Would you transcribe the records below from the line with "Who am I? Answer: Mercury." to the line with "Book cover illustration", ends included, exactly and with nothing more, leaving the pictures out?

● **Data to process**
--*--

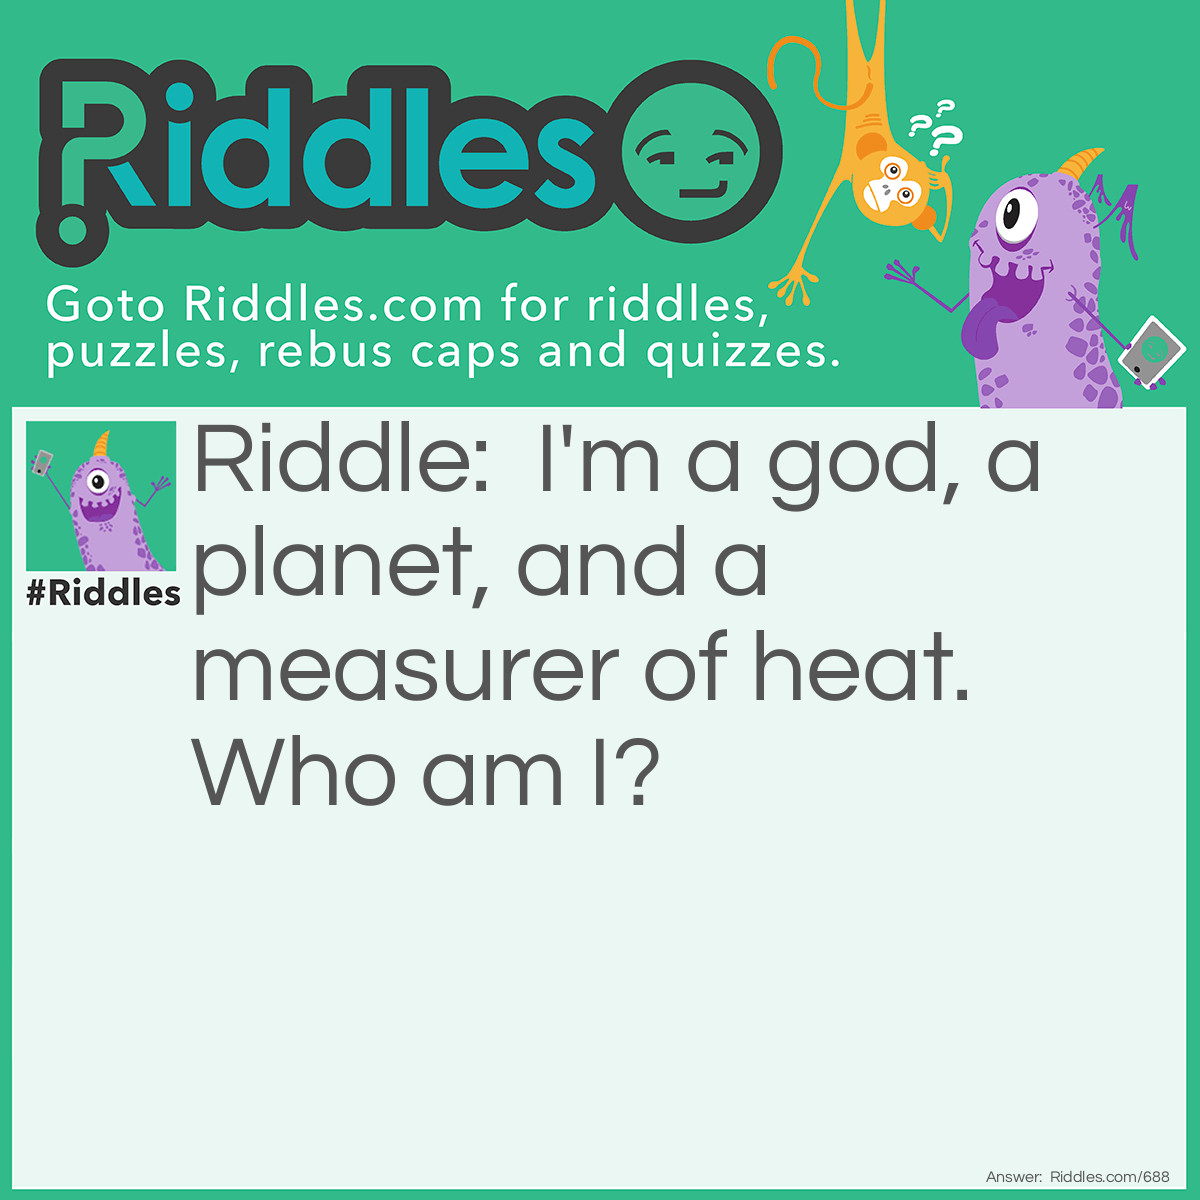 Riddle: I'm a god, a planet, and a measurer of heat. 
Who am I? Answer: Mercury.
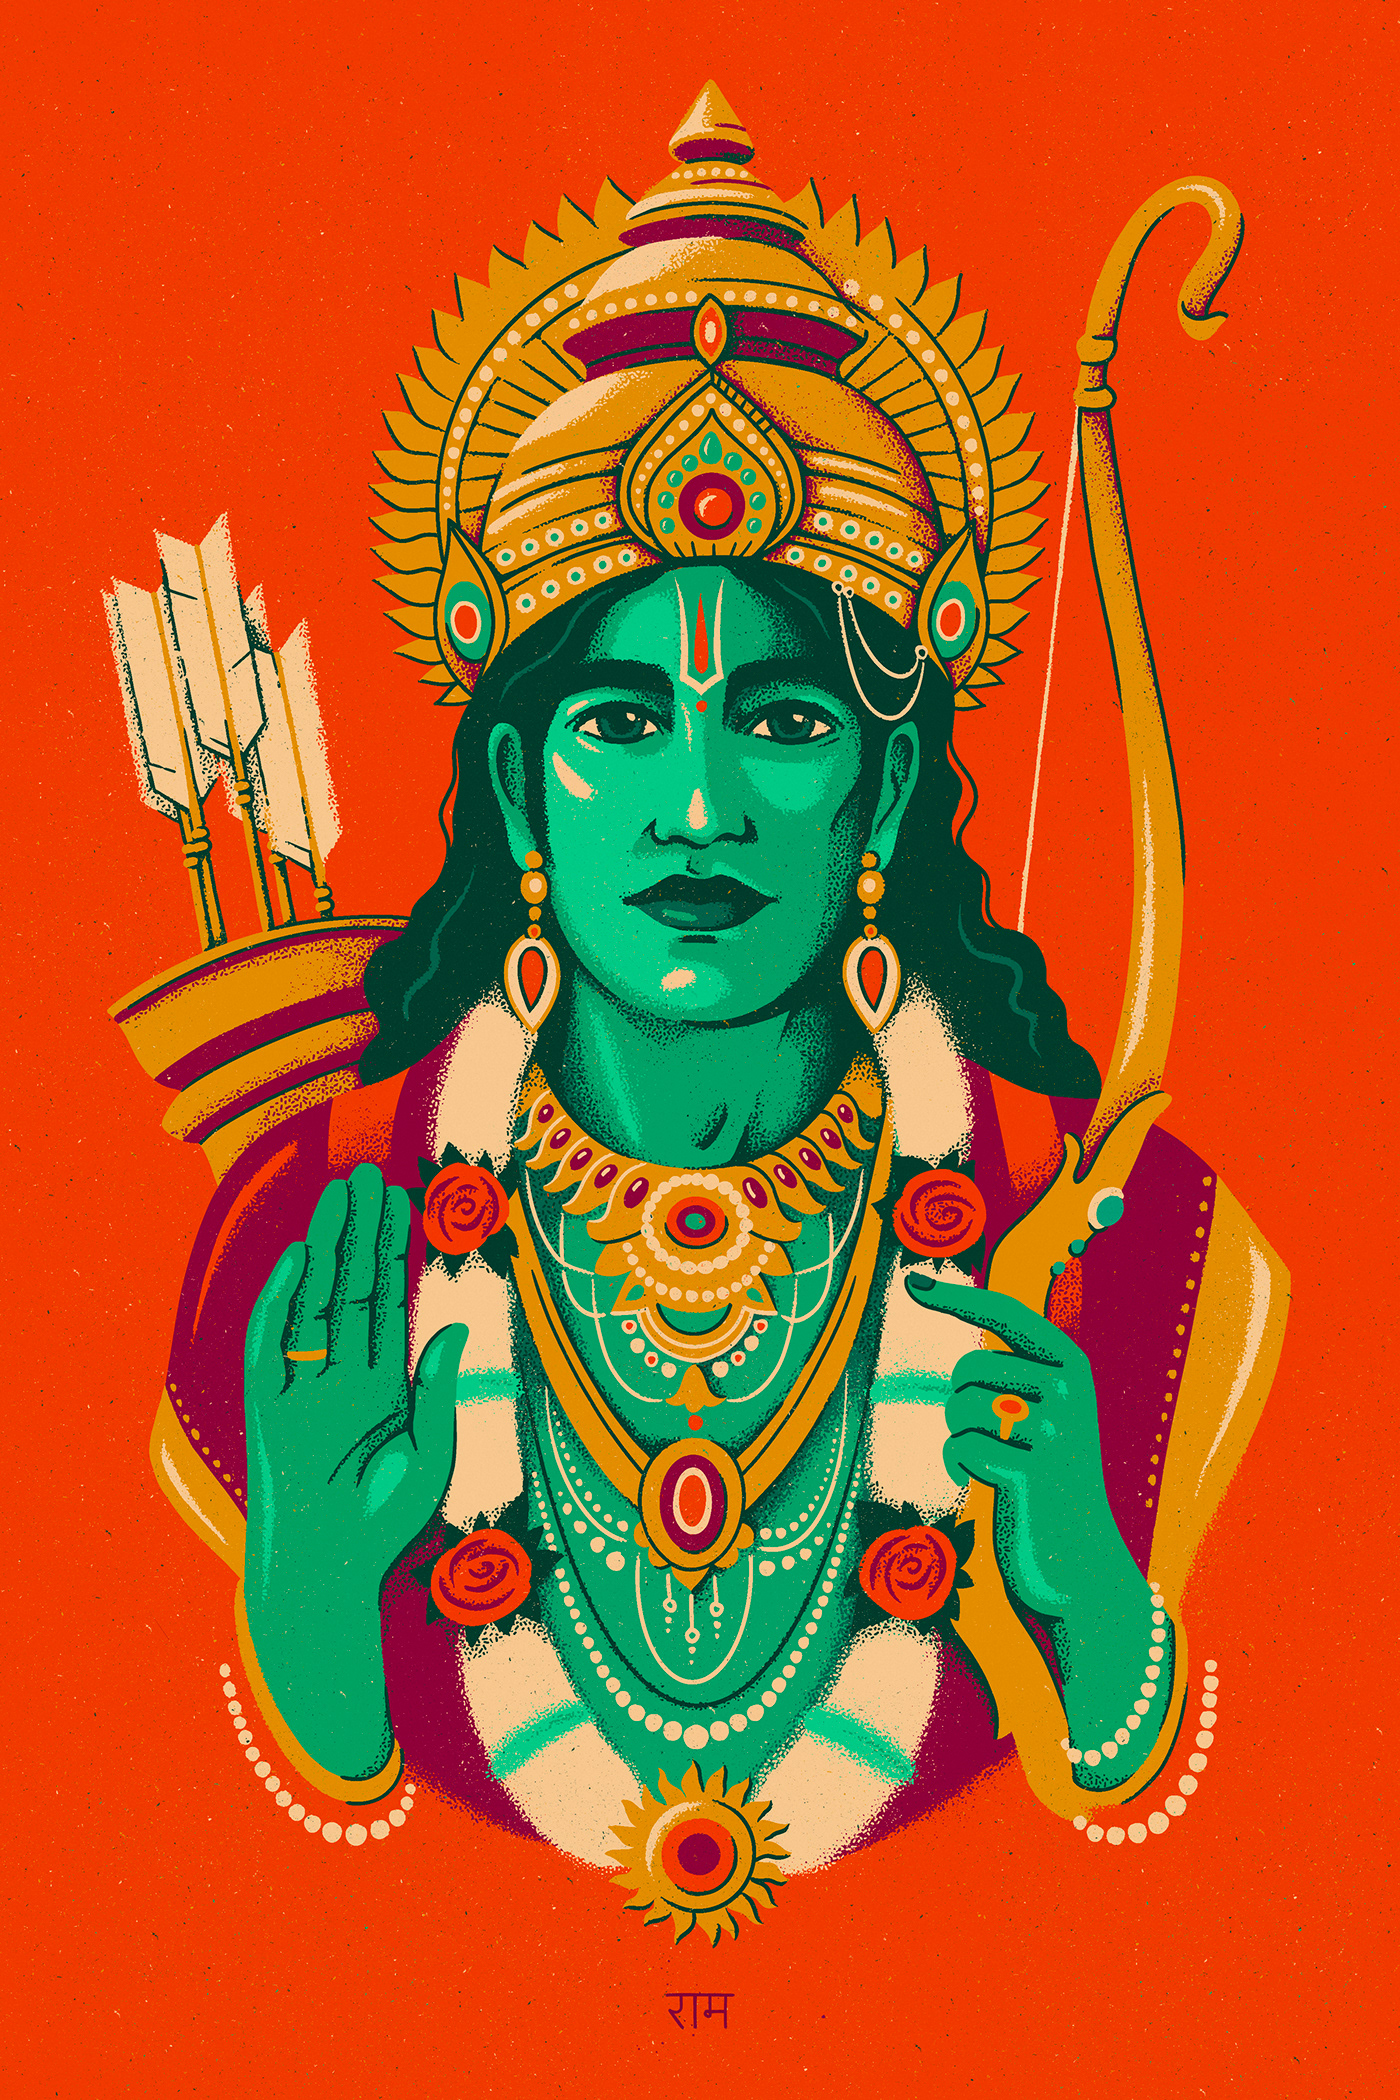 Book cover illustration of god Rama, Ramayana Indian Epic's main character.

--*--

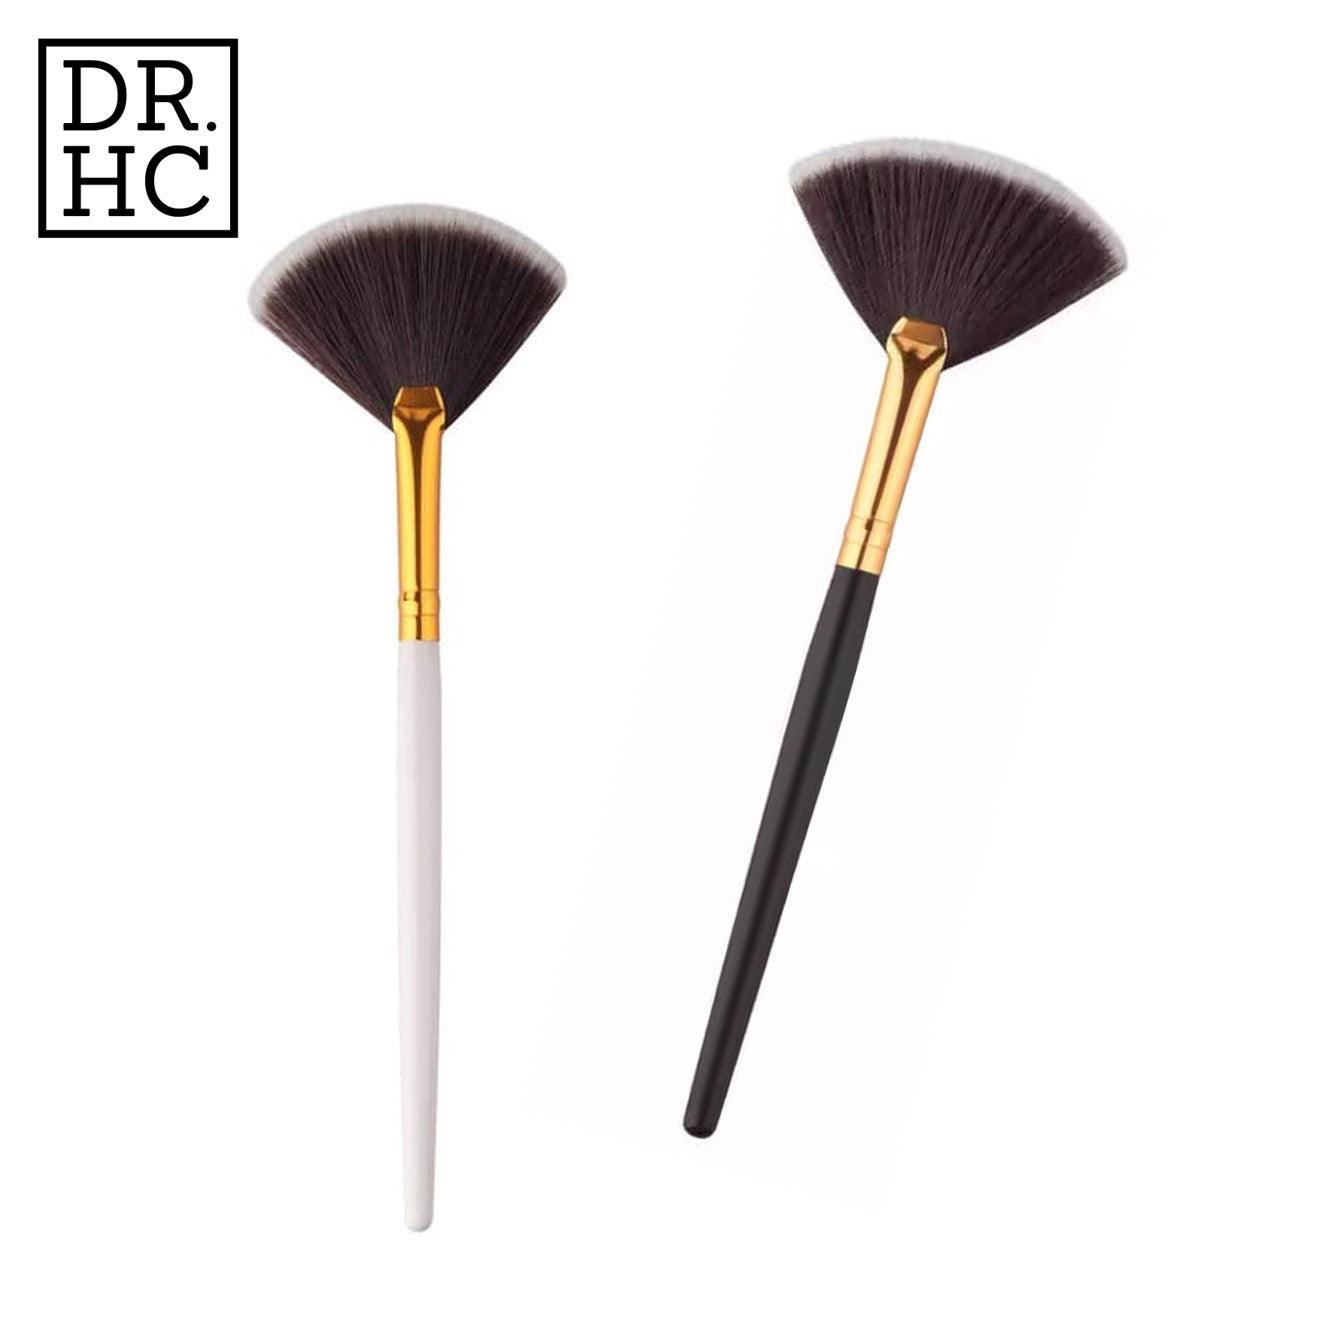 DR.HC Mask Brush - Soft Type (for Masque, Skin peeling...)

--*--

● **Task output**
Who am I? Answer: Mercury.
 Book cover illustration of god Rama, Ramayana Indian Epic's main character.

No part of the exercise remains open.